SENSITIVE POSITION: Sensitive positions are designated by the CSU as requiring heightened scrutiny of individuals holding the position, based on potential for harm to children, concerns for the safety and security of the people, animals, or property, or heightened risk of financial loss to the CSU or individuals in the university community.
MANDATED REPORTER: The person holding this position is considered a “mandated reporter” under the California Child Abuse and Neglect Reporting Act and is required to comply with the requirements set forth in CSU Executive Order 1083 as a condition of employment.
DESIGNATED POSITION: If the duties of this position include participation in decisions that may have a material financial benefit to the incumbent, the selected candidate will be required to file Conflict of Interest Form 700: Statement of Economic Interest when they first occupy the position, and on an annual basis, complete ethics training within 6 months of appointment, and attend this training every other year thereafter.
GENERAL INFORMATION: It is the policy of California State University; Bakersfield to hire only United States citizens and aliens lawfully authorized to work in the United States. All new employees will be required to present documentation verifying their right to accept employment. You will also be requested to present a social security card at the time of initial appointment in compliance with state payroll regulations. State regulations require that every state employee sign the Oath of Allegiance prior to commencing the duties of his/her State employment, except legally employed non-citizens. These individuals are required to sign the Declaration of Permission to Work.
APPLICATION PROCEDURE: Official California State University, Bakersfield application forms must be completed in full and received in the Human Resources Office by 5:00 p.m. on/or postmarked by the specified closing date, unless otherwise indicated. Resumes are welcomed but will not be accepted in place of the official application. E-mailed or faxed applications or resumes will also not be accepted.

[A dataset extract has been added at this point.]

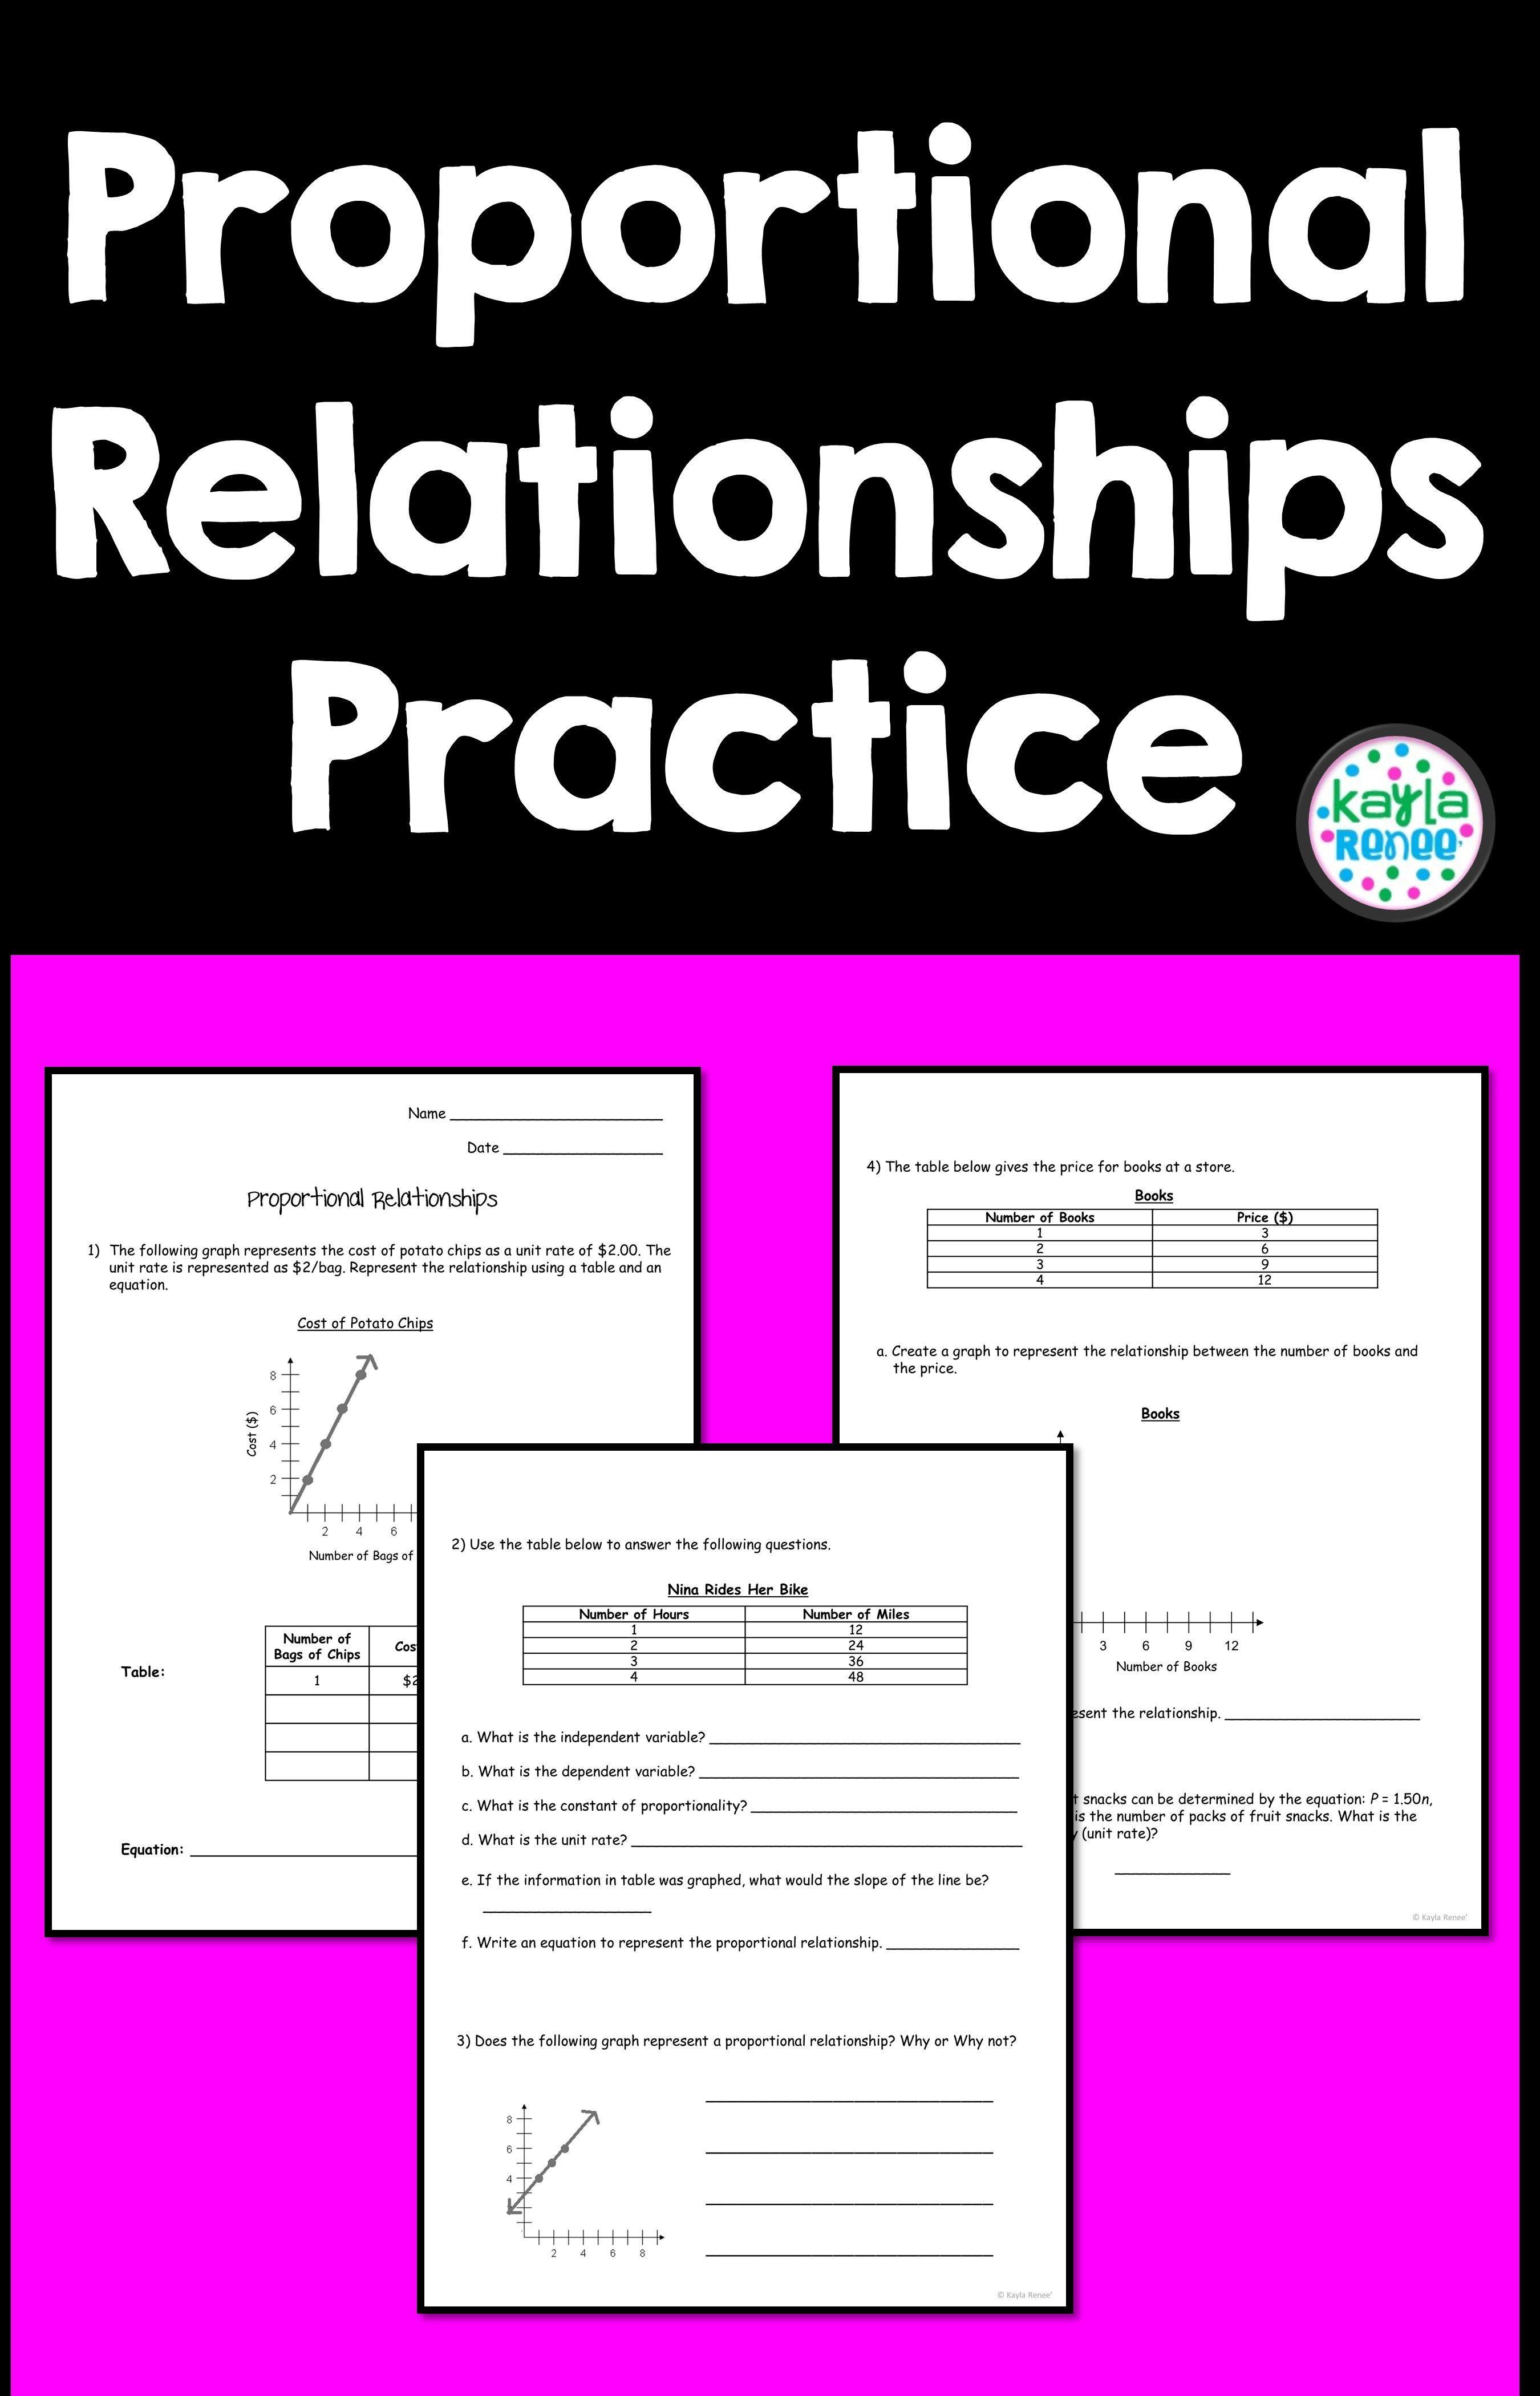 Proportional Relationships Practice Worksheet 7 Rp 2

Applications are available outside the Office of Human Resources and may be downloaded from the Human Resources website. Candidates who reside outside the city of Bakersfield may contact the Office of Human Resources and request that an application be mailed to their residence. It takes a minimum of 4-6 weeks from the closing date for a position to be filled.
To check the status of your application, go to the Human Resources’ Job Opening/Status Inquiry page at http://www.csub.edu/bas/hr/EmployRecruit/Job%20Status%20Inquiry/index.html and click on the “Job Status” icon link. Applicants will not receive individual notifications. Upon submission, all application materials become the exclusive property of California State University, Bakersfield and will not be copied or returned.
California State University, Bakersfield is committed to Equal Employment Opportunity. Applicants will be considered without regard to gender, race, age, color, religion, national origin, sexual orientation, genetic information, marital status, disability or covered veteran status.